Posted on 14 May 2013 by Africa Business

Will the Chinese purchase divested mining interests?

South Africa’s economic growth is lagging somewhat behind that of its peers in the developing world. IMF forecasts for 2013 indicate that emerging and developing economies will grow by 5,5% while SA’s GDP is expected to grow between 2,5% and 3%.

Global ranking

Country Name

GDP in Millions of US dollars (2011)

27

South Africa

408,237

39

Nigeria

243,986

60

Angola

104,332

88

Kenya

33,621

105

Zambia

19,206

One of the key reasons for slower growth is SA’s foreign trade structure and reliance on Europe. President Zuma used the opportunity at the World Economic Forum in Davos earlier this year to ensure foreign investors that South Africa is on the right track.

2012 will be remembered for the negative impact of labour unrest and resultant production stoppages in the mining sector. Mining reduced GDP by 0,5% in the first three quarters of the year. This excludes the biggest slump in the sector during the fourth quarter 2012.

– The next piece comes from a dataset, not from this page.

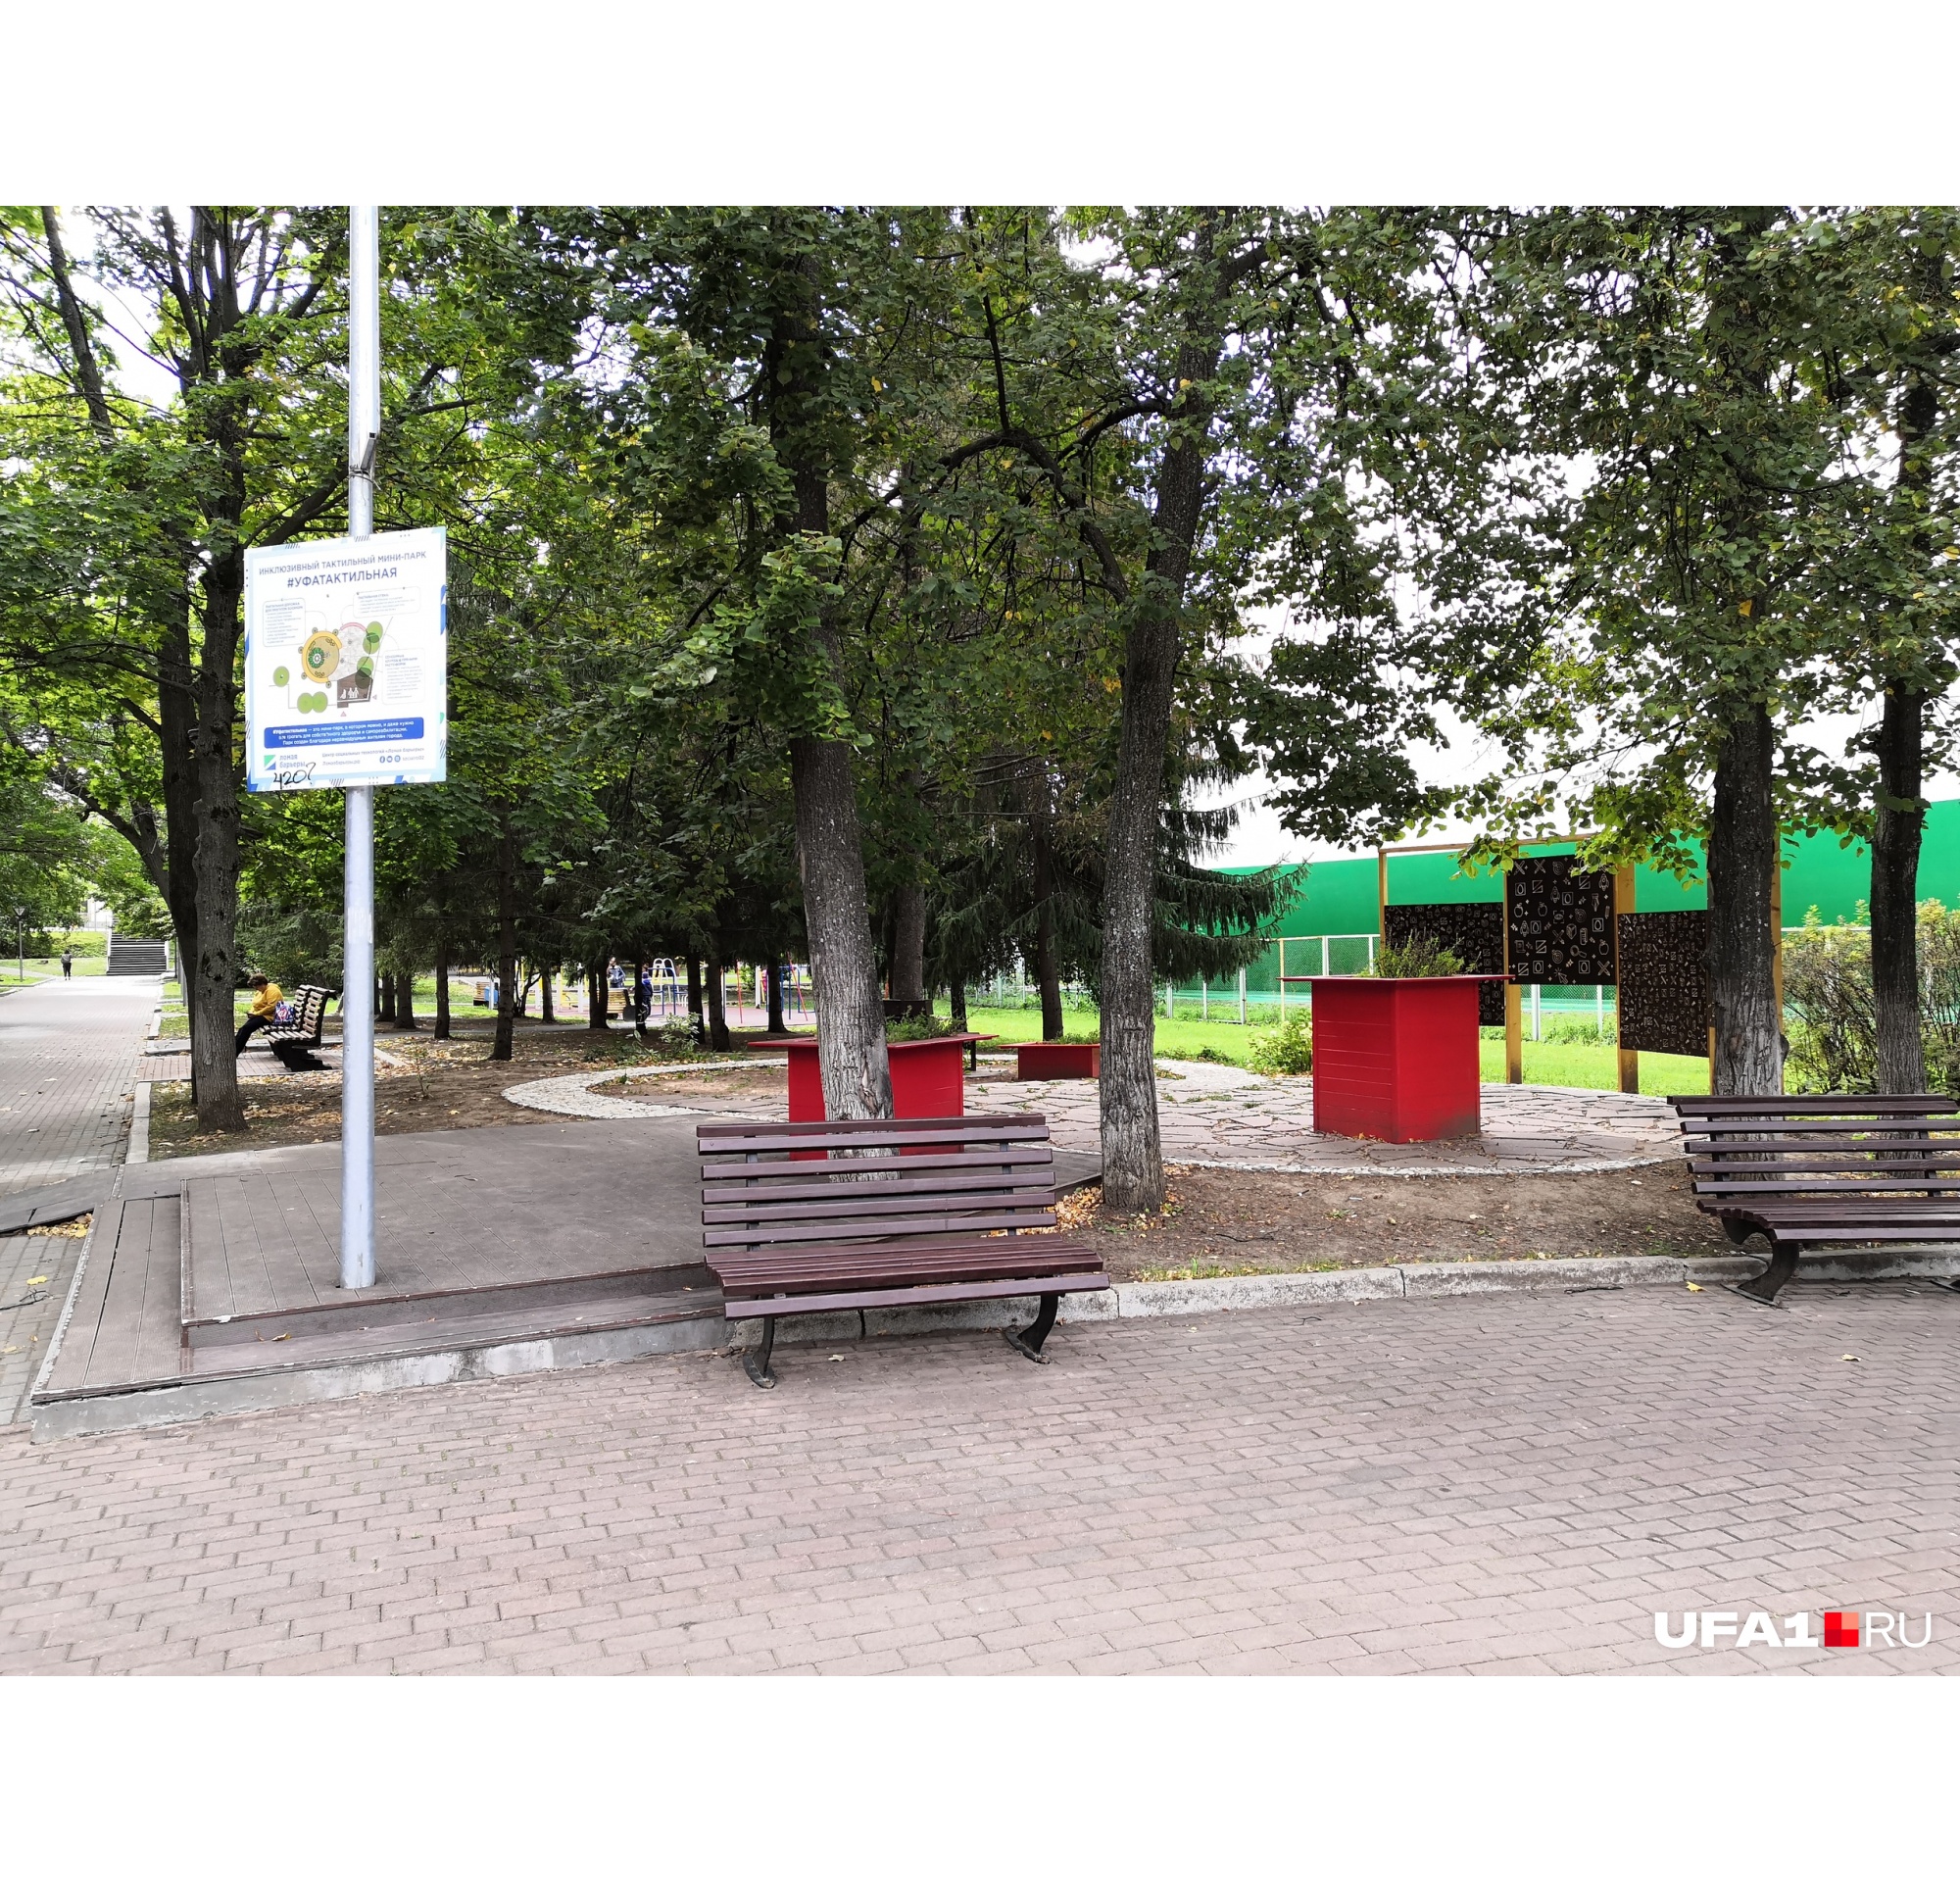 Без перемен: во что за год превратилась тактильная площадка в парке Якутова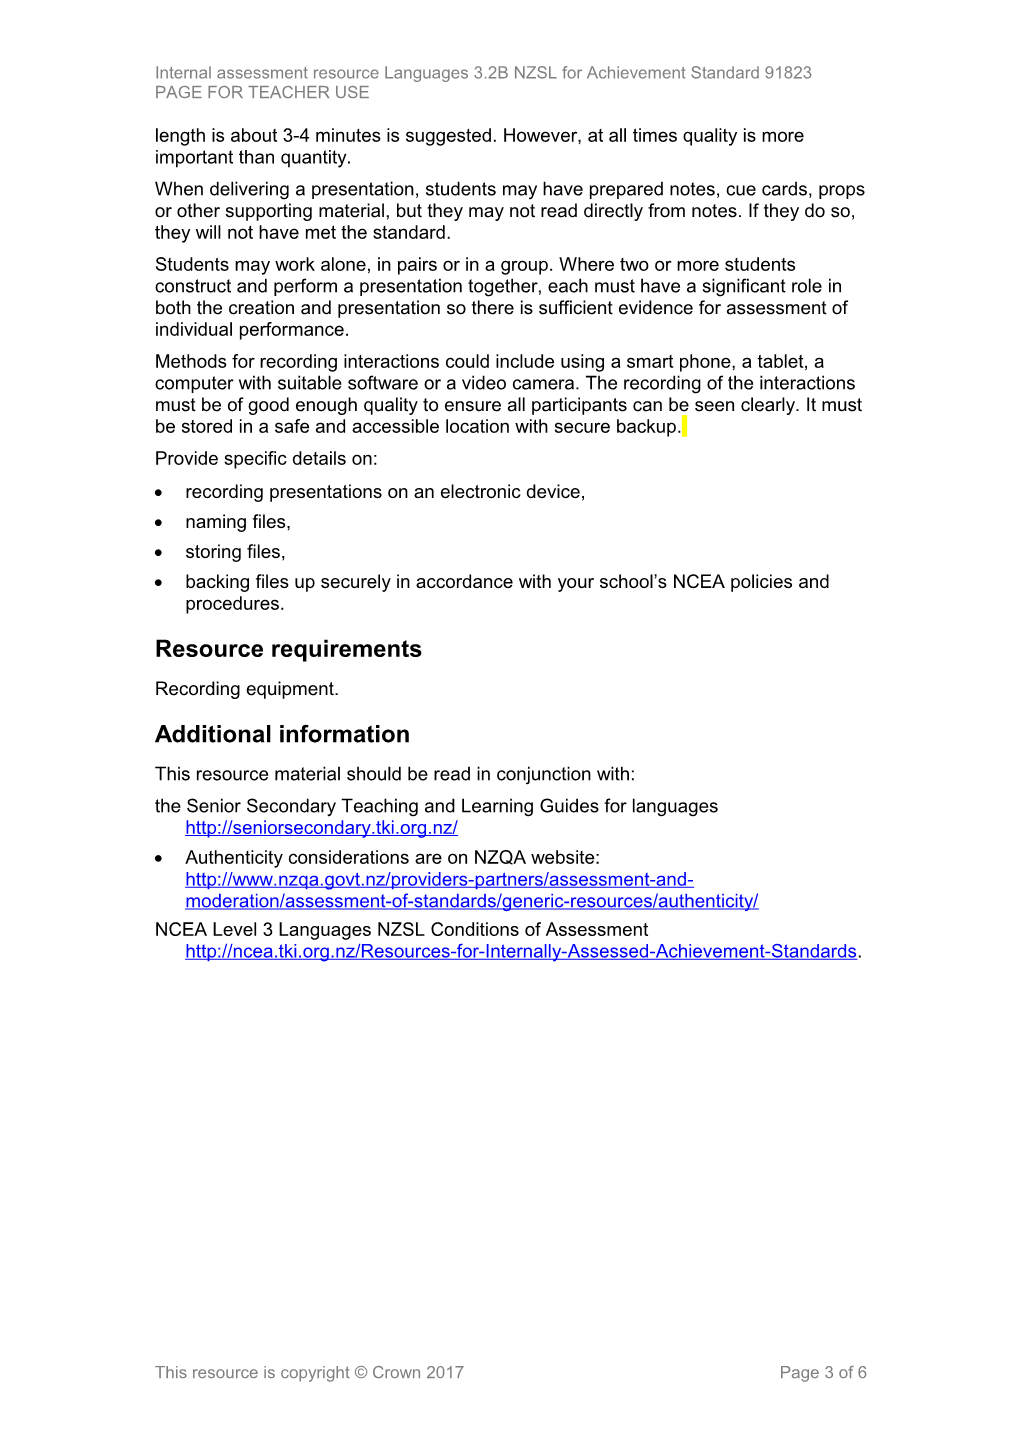 Level 3 NZSL Internal Assessment Resource

Other significant features of the growth slowdown in 2012 were the slowdown in household consumption spending, poor growth in private fixed investment spending and a slump in real export growth.

South African’s inflation rate slowed to a five-month low in January 2013 after the statistics office adjusted the consumer price basket while food and fuel prices eased. In December, the inflation rate fell to 5,4% from 5,7% Statistics South Africa stated.

Government cut the price of fuel by 1,2% in January 2013, as a stronger rand in the previous month helped to curb import costs. Since then, the currency has plunged 4,8% against the dollar and fuel prices are on the rise, with prices increasing in March by a further 8%, adding to pressure on inflation.

South Africa’s strengths

· South Africa is the economic powerhouse of Africa, leading the continent in industrial output and mineral production, generating a large portion of the continent’s electricity.

· The economy of South Africa is the largest in Africa, accounting for 24% of the continent’s GDP in terms of PPP, and is ranked as an upper-middle income economy by the world bank.

· The country has abundant natural resources, well developed financial, legal and transport sectors, a stock exchange ranked amongst the top 20 in the world, as well as a modern infrastructure supporting efficient distribution of goods throughout the Southern African region.

South Africa’s weaknesses

· South Africa suffers from a relatively heavy regulation burden when compared to most developed countries.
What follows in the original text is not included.